• [Requirement]: Give the listing back in full, exactly as written, with the pictures removed.

• [Data extract]:
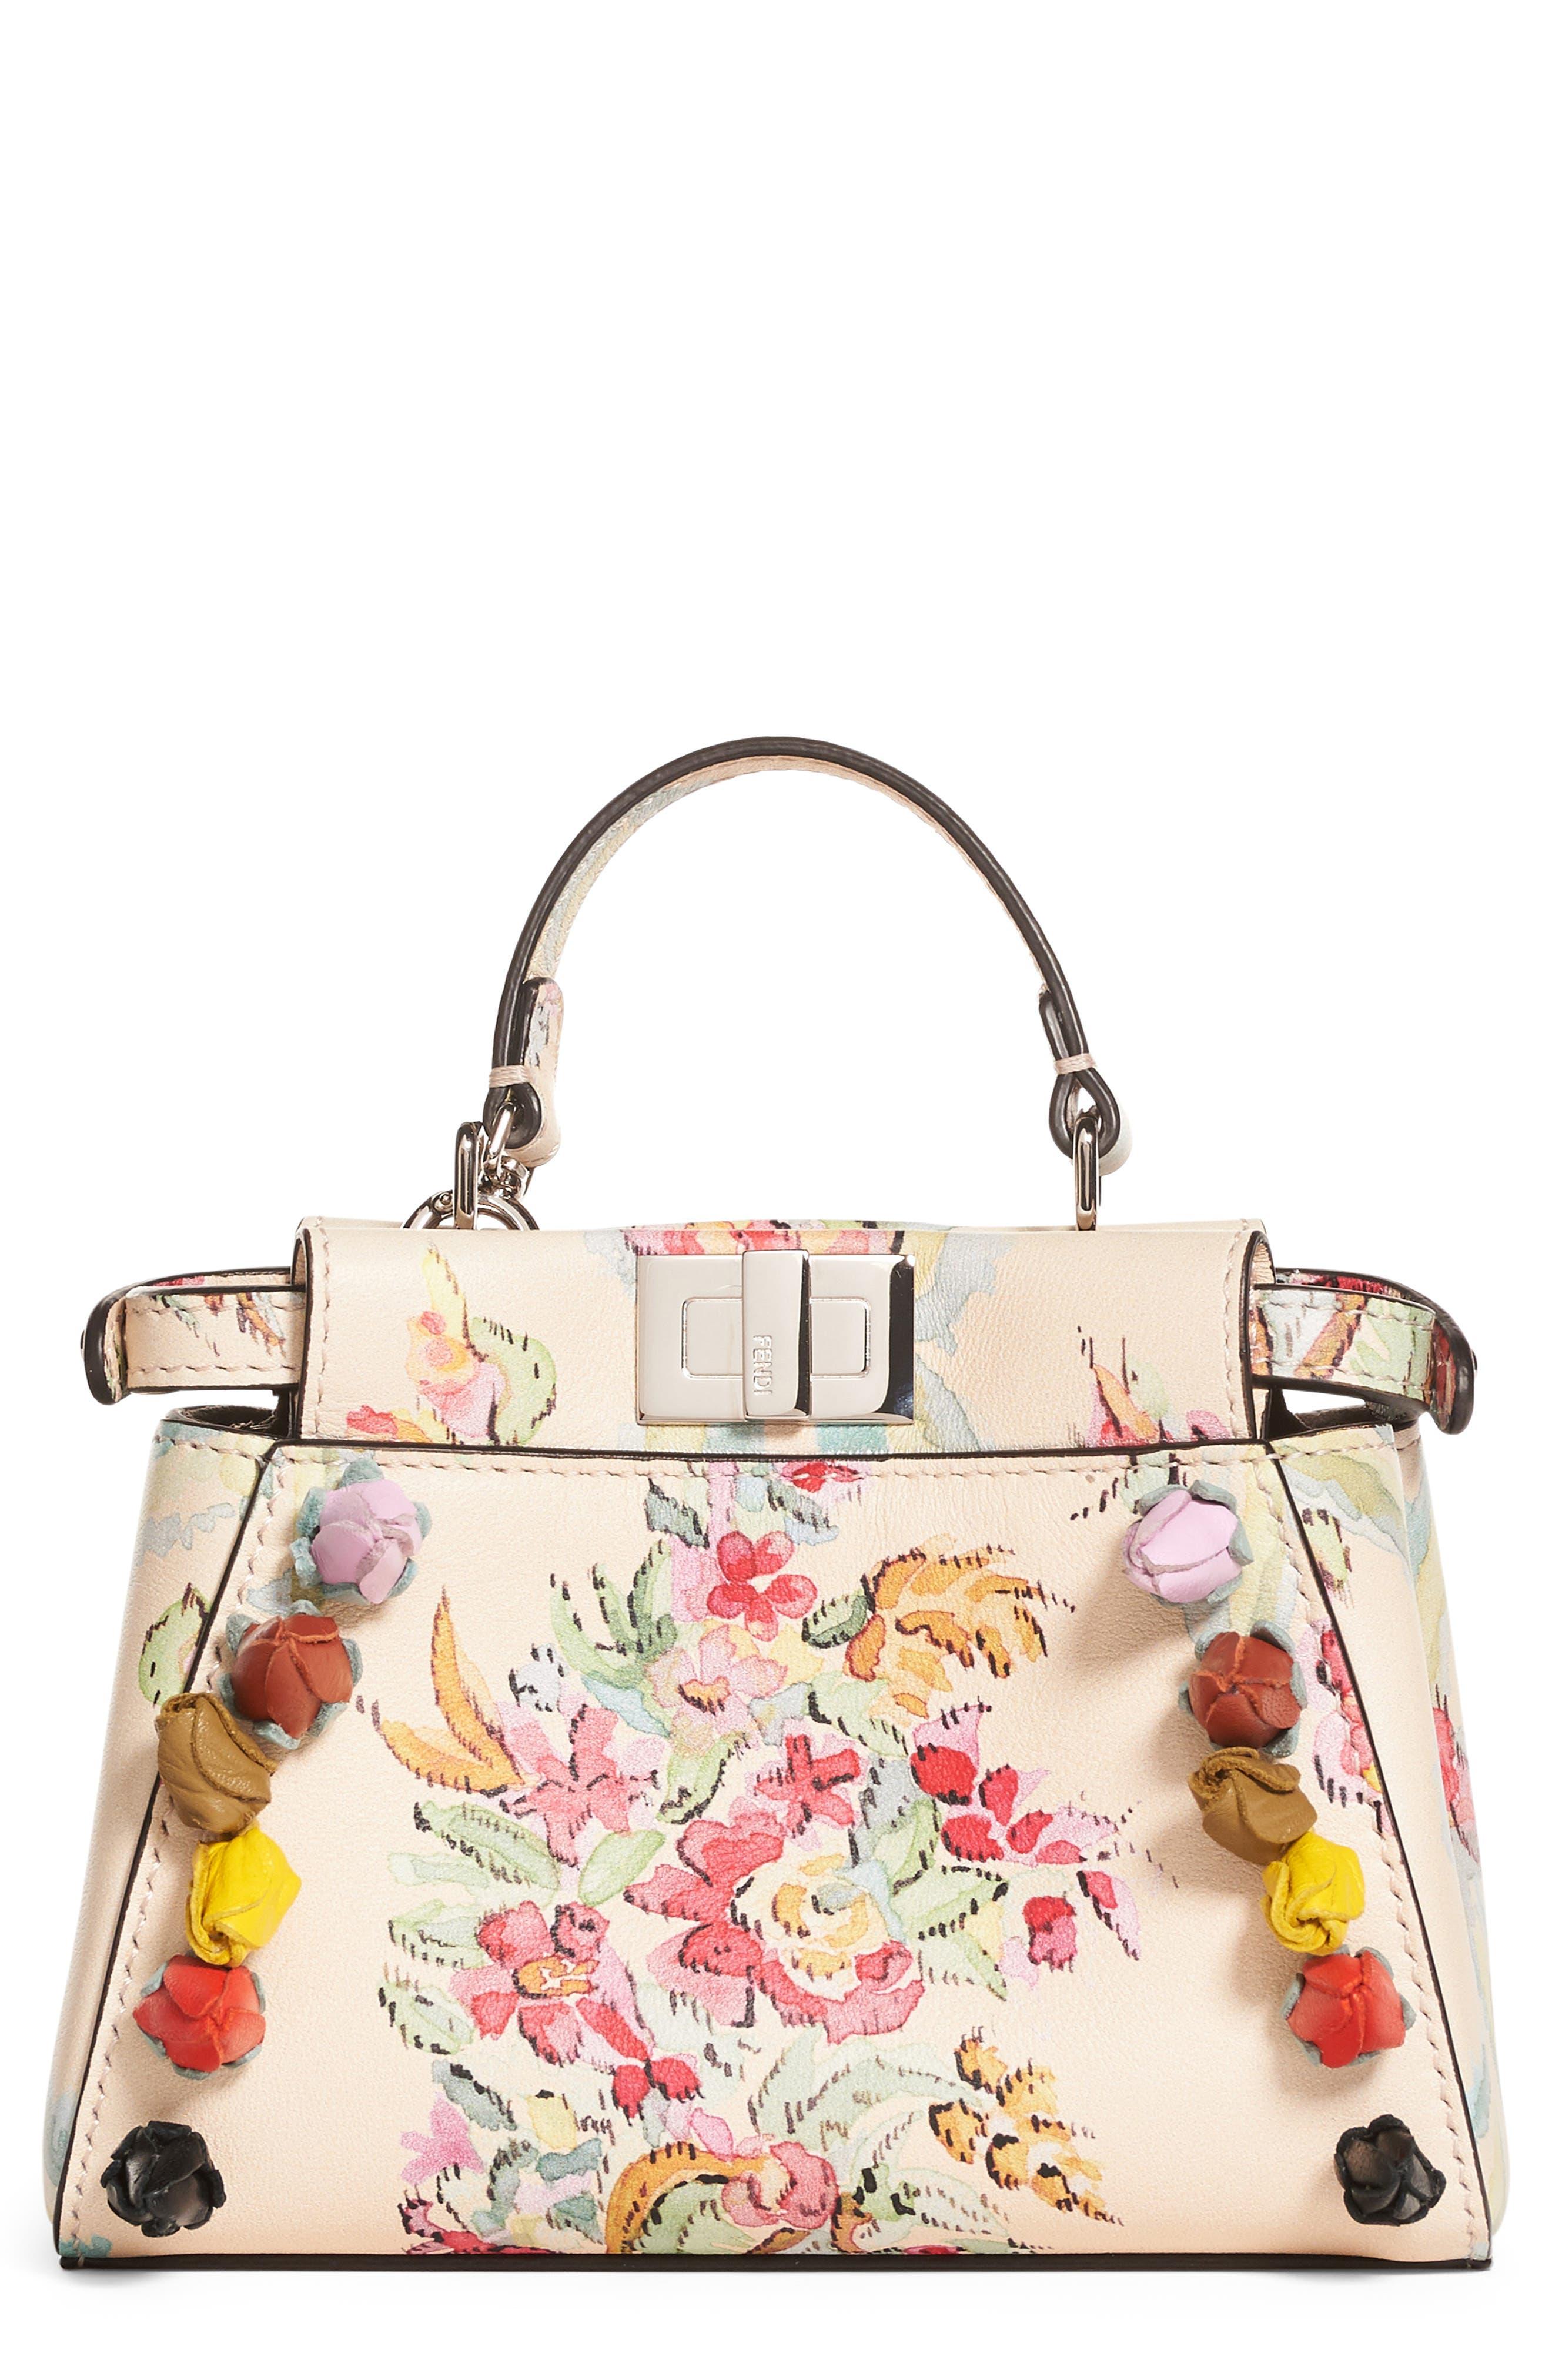 Alternate Image 1 Selected - Fendi Micro Peekaboo Floral Appliqué Leather Satchel
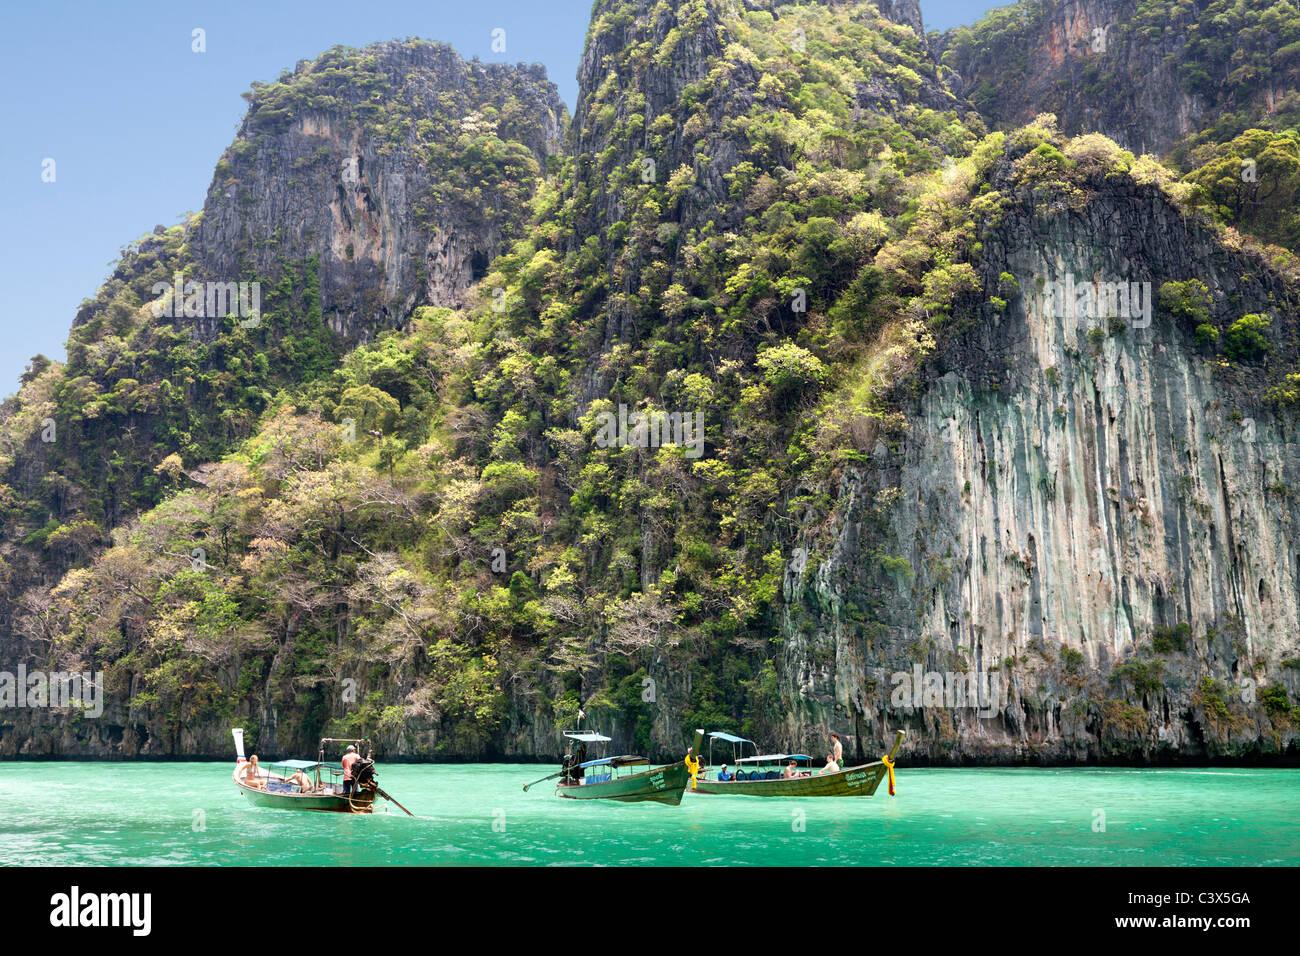 Tourist boats cruising Phang Nga Bay, Phuket Thailand 2 - Stock Image
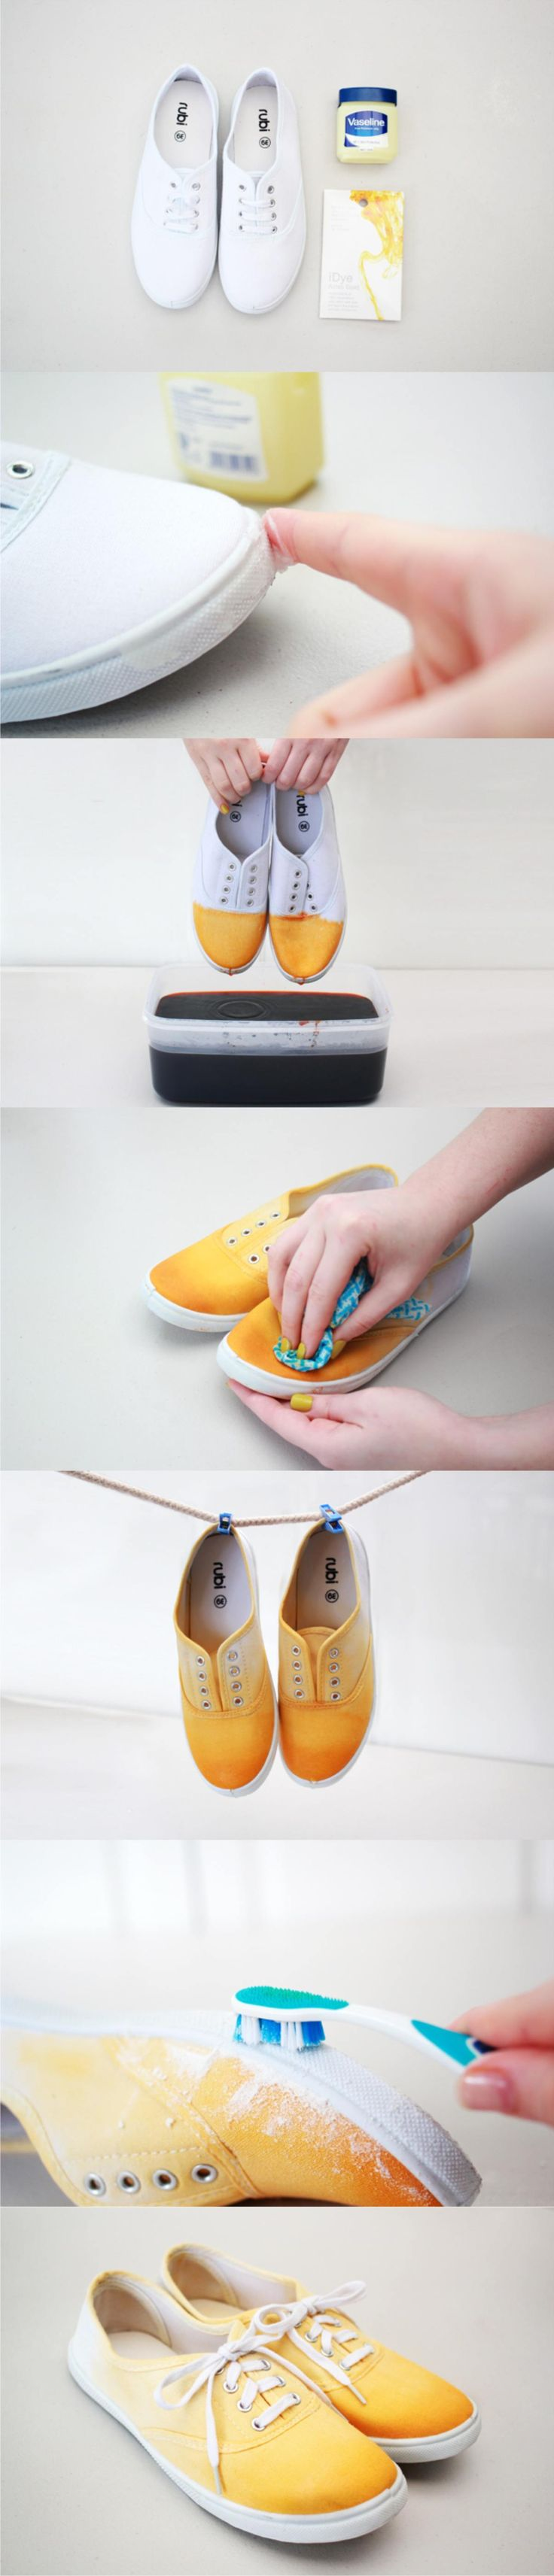 tie dye shoes instructions
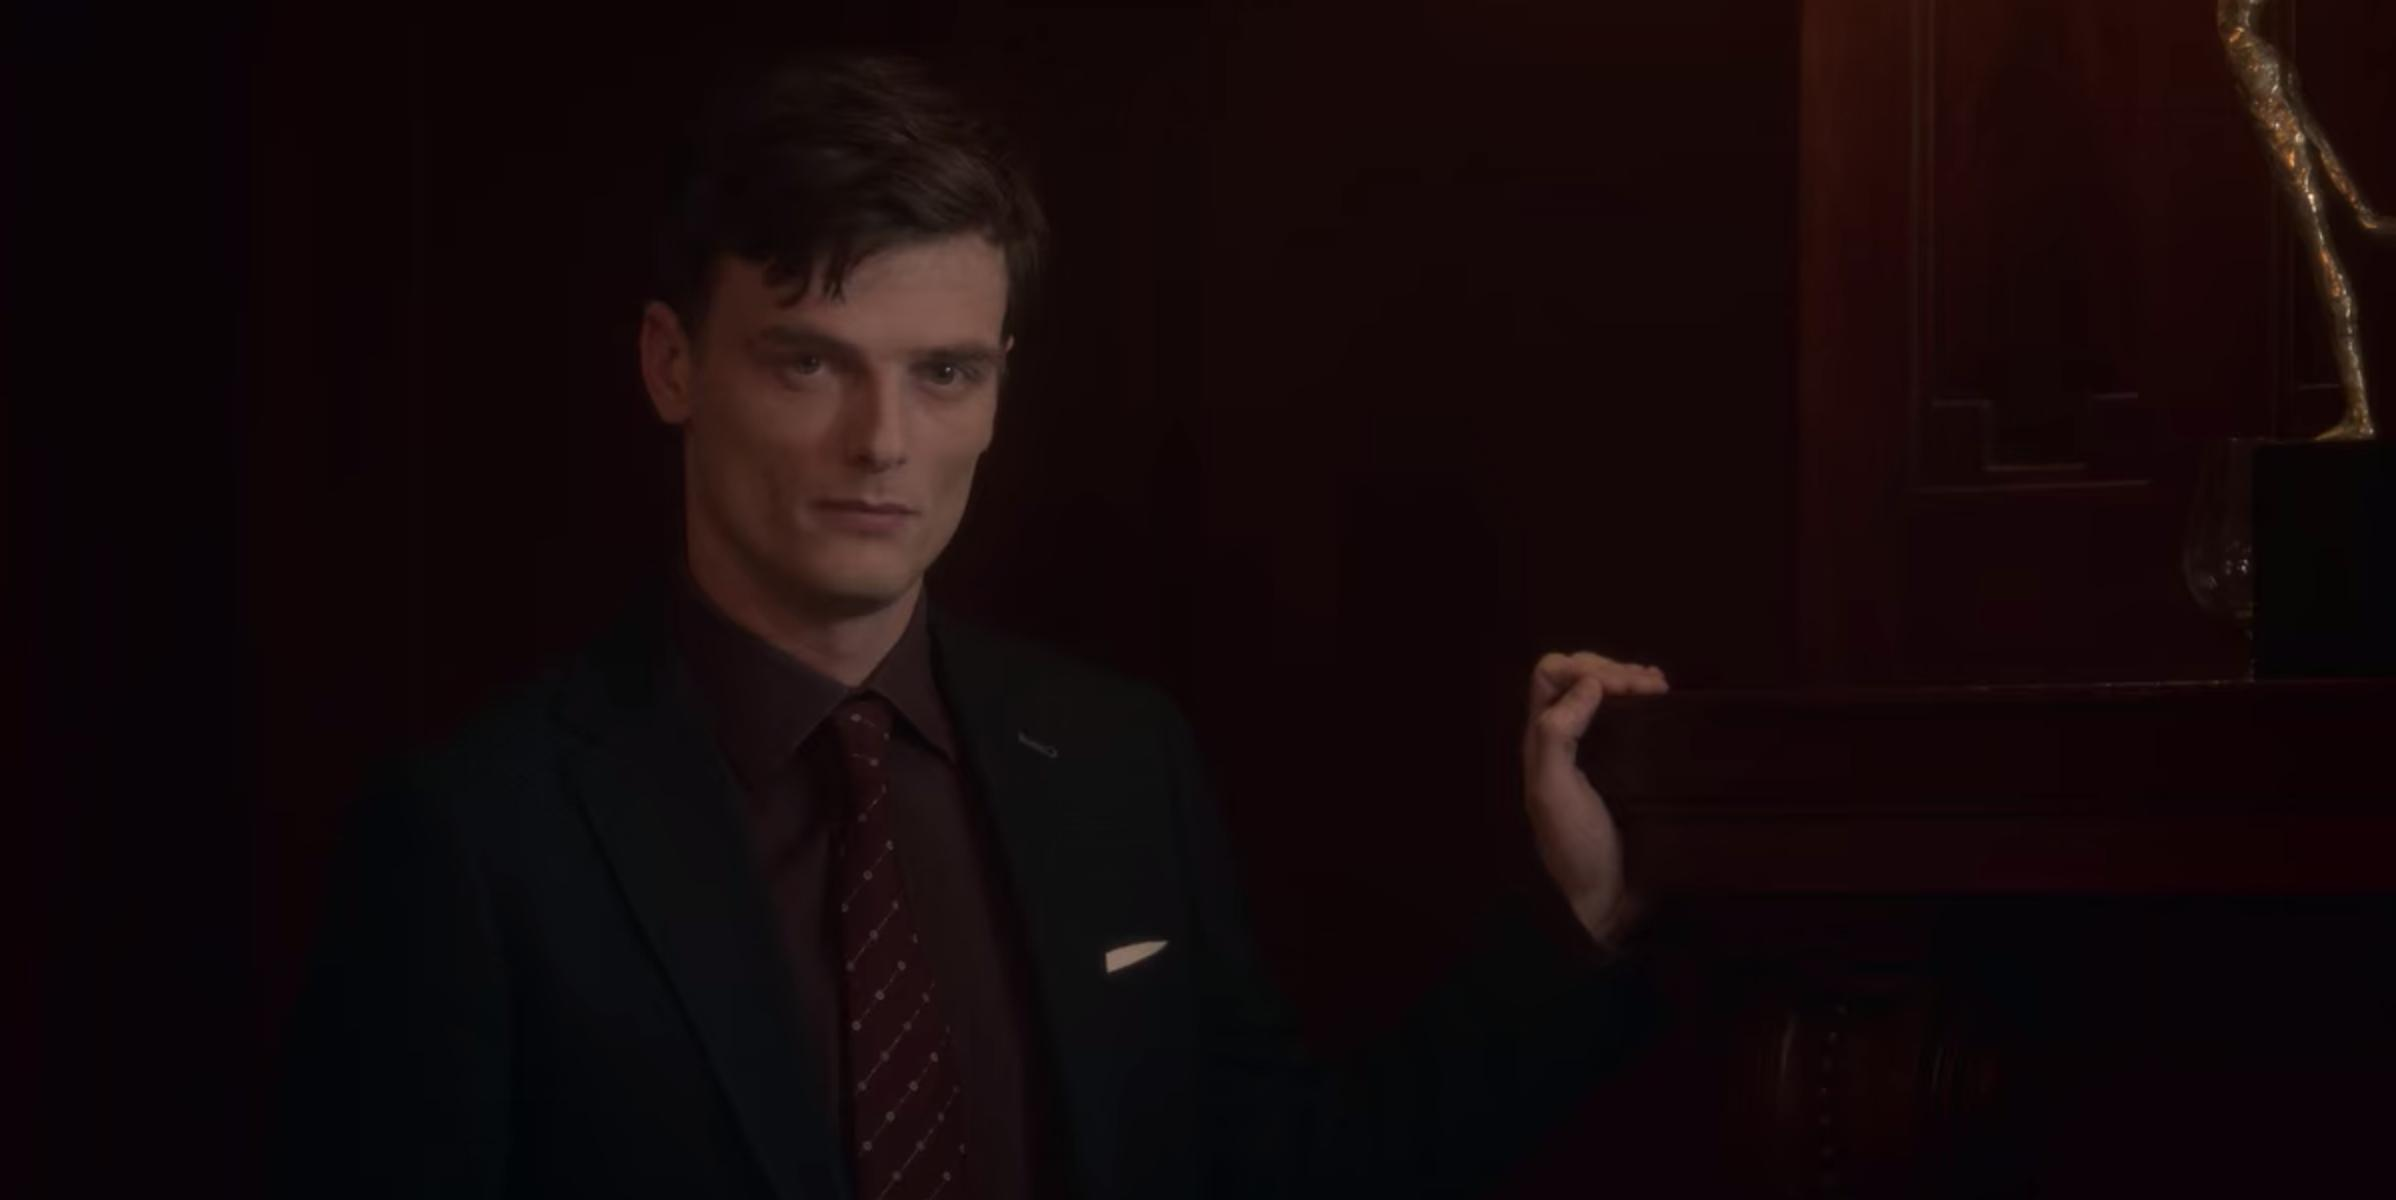 The Spy Who Sexed Me

• [Task result]:
 Alternate Image 1 Selected - Fendi Micro Peekaboo Floral Appliqué Leather Satchel
 Tourist boats cruising Phang Nga Bay, Phuket Thailand 2 - Stock Image
 tie dye shoes instructions
 The Spy Who Sexed Me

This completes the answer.